Владимир Шитов - Собор без крестов
Боясь, что грех невесты скоро будет замечен окружающими, сваты со свадьбой не тянули. Пышная и дорогая, она состоялась в ресторане Душмана.
Молодая супружеская пара стала жить в квартире, купленной Лесником своей любовнице Ларисе, которая мирским заботам предпочла затворническую жизнь в монастыре.
Ни Антон, ни Наташа не беспокоились о своем будущем, так как их родители в нужный момент обеспечивали своих дорогих чад всем необходимым: от продуктов питания, одежды, денег до служанки и няни.
Поэтому Антон без особого труда, так как был способным учащимся, закончил вуз. К этому времени его сын Михаил уже мог без посторонней помощи ходить по комнатам, вступать в свой первый словесный контакт с окружающими.
Окончив вуз, Антон постепенно взял у отца все руководство принадлежащей им фирмой, куда входили четыре крупных предприятия, не считая множества мелких филиалов.
У Лесника уже был не тот возраст, а точнее, отпало всякое желание к накопительству капитала, так он уже пресытился им, «наелся» плодами своих финансовых побед.
Теперь Лесник, самоустранившись от руководства фирмой, получил массу свободного времени, которое стал уделять активному отдыху, путешествиям, размышлению о смысле жизни. Свое будущее до последних дней жизни он так четко и хорошо видел, что над ним не желал и задумываться. Наоборот, его мысли все чаще окунались в прошлое, черпая в нем приятные дни, недели и даже месяцы воспоминаний, в которых подруге сердца Ларисе было уделено особое место.
Глава 13
Сообщение, полученное Лесником от Душмана о том, что Лариса ушла в монастырь, где стала послушницей, если не убило Лесника, то сильно его потрясло. В такую измену преданной ему женщины он не желал верить, несмотря на реальность свершившегося факта. Ведь Лариса клялась отдать за него свою жизнь в любое время.
Ценила и любила его больше, чем саму себя, и вот, пожалуйста, такой плачевный результат ее клятвы.
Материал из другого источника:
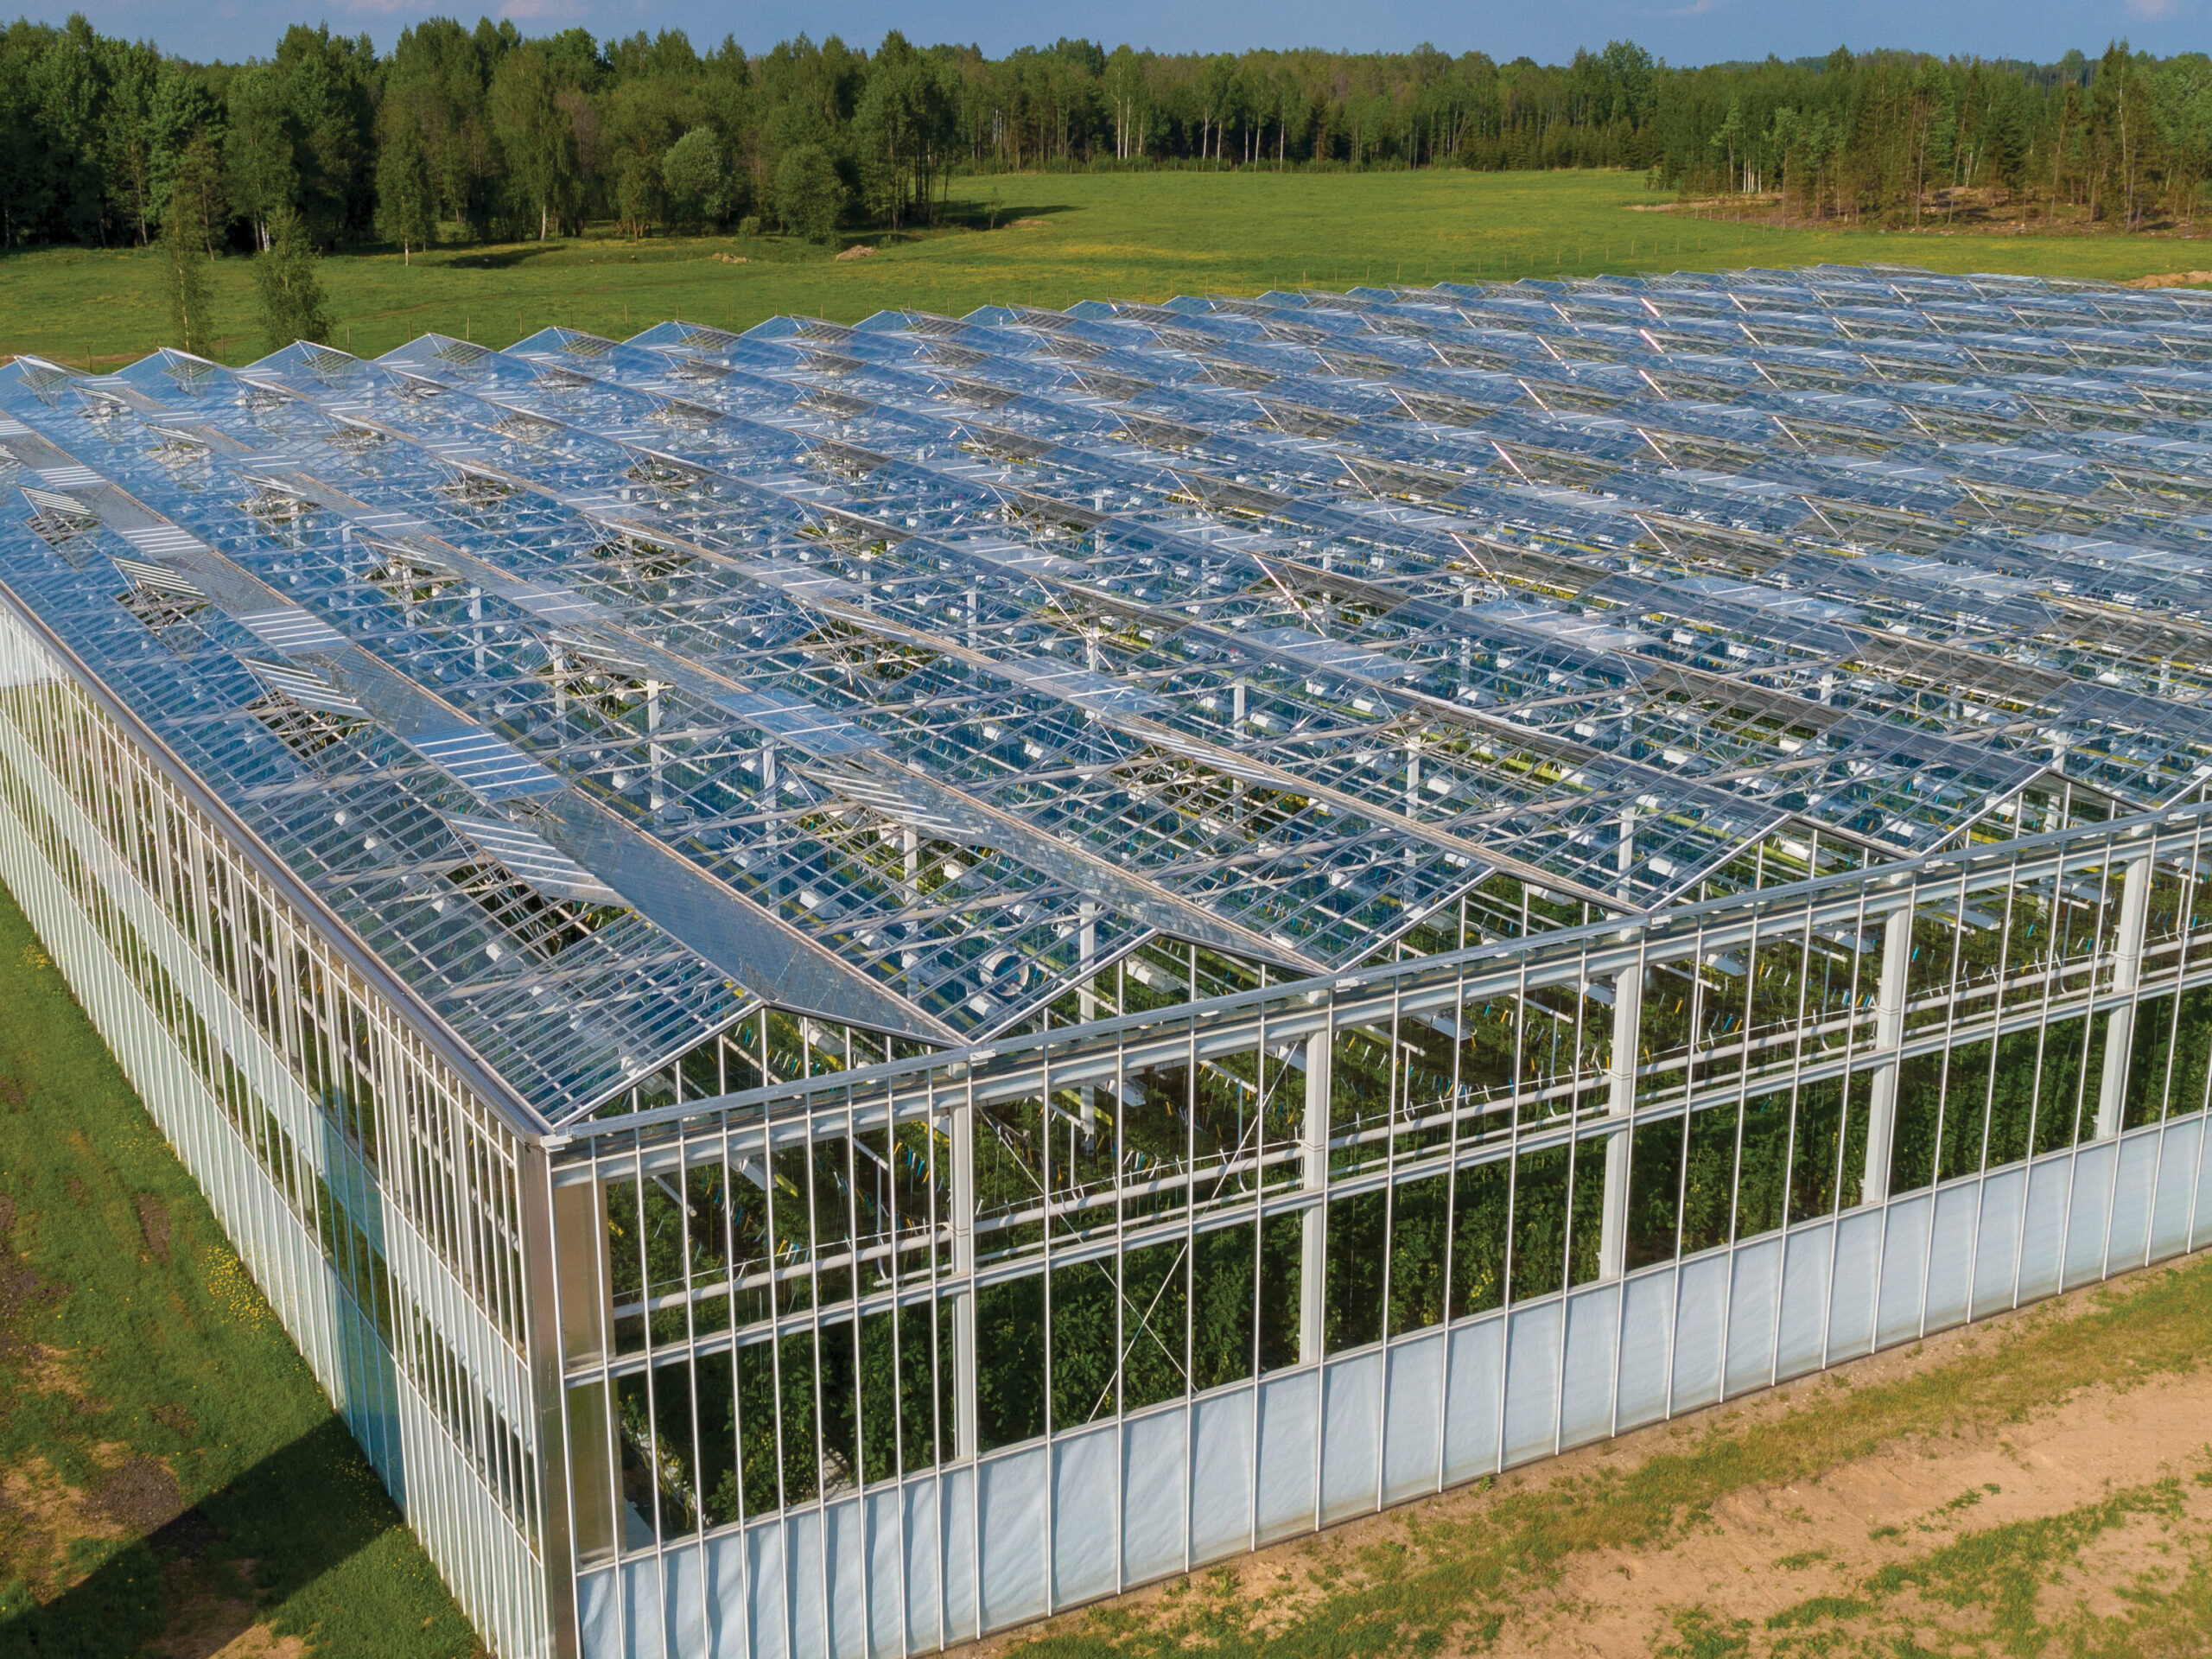 venlo structure used for greenhouse farming
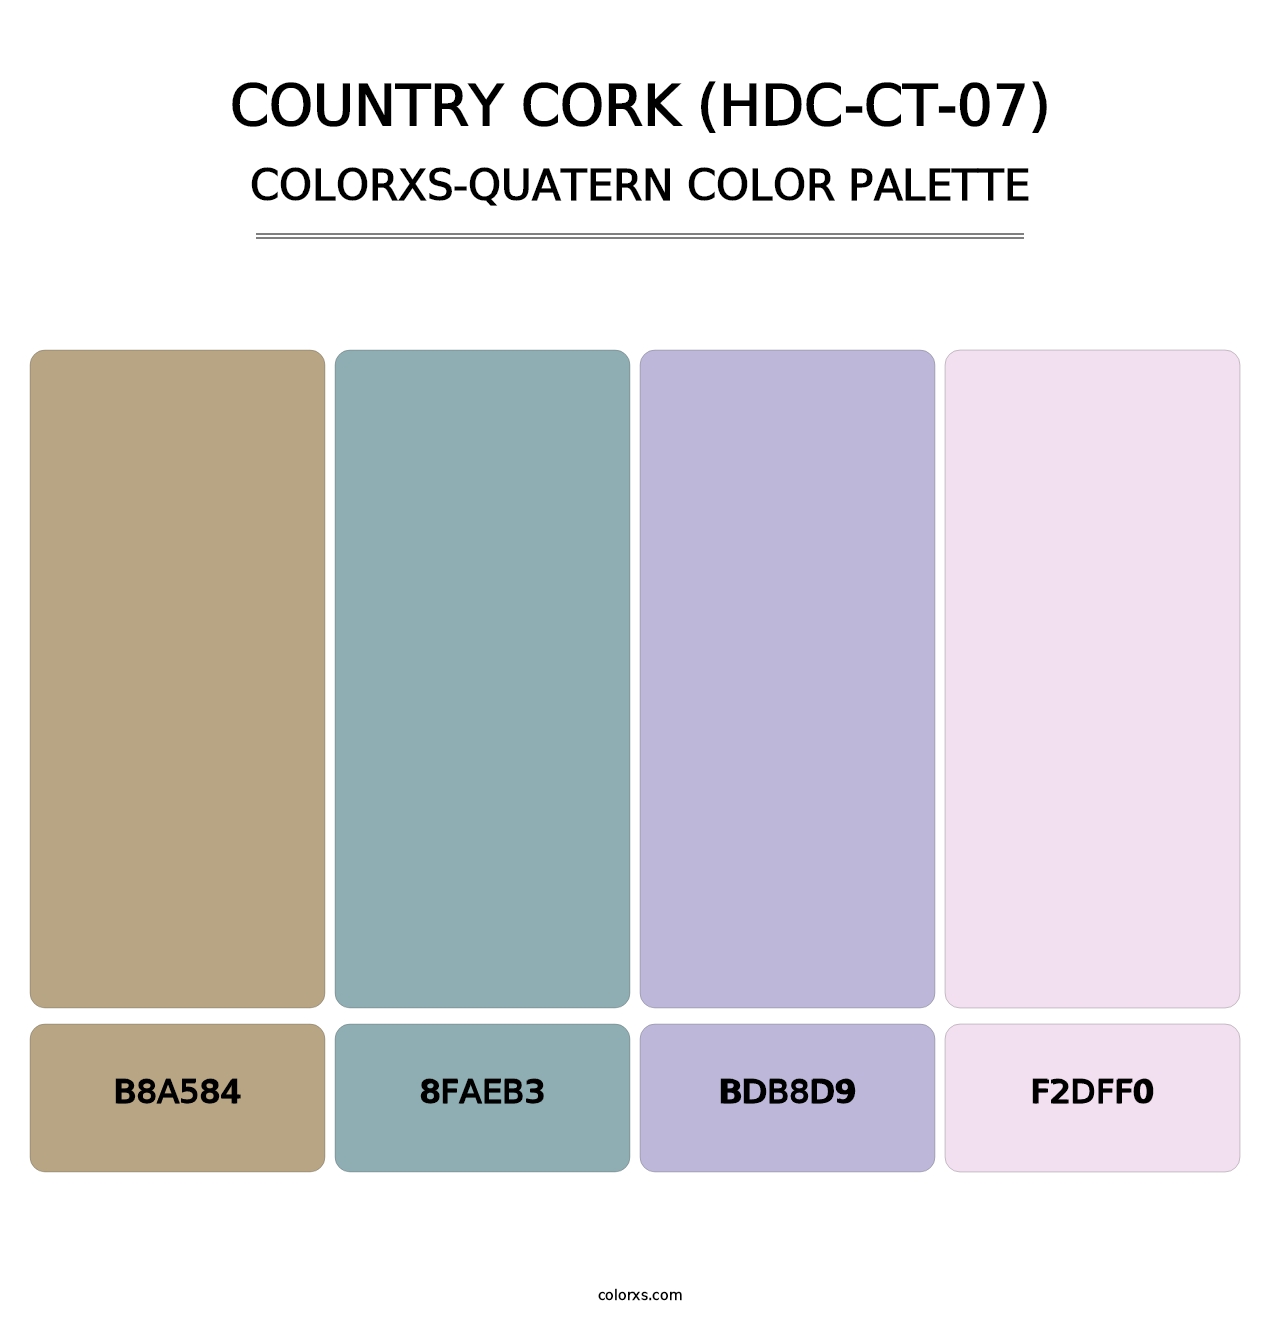 Country Cork (HDC-CT-07) - Colorxs Quatern Palette

Осмыслить решительный ее шаг, понять, почему она так поступила, стало навязчивой темой его частых размышлений в свободное от забот текущего дня времени. Считая Ларису частью себя, глубоко постигнув ее характер, разделяя ее многие принципы, он представил ее мучения и страдания, прежде чем она решилась на такой отчаянный шаг, отказавшись от тех благ, в которых жила, и той матеральной поддержки, которую он постоянно ей оказывал, не скупясь и не считая производимых на нее затрат.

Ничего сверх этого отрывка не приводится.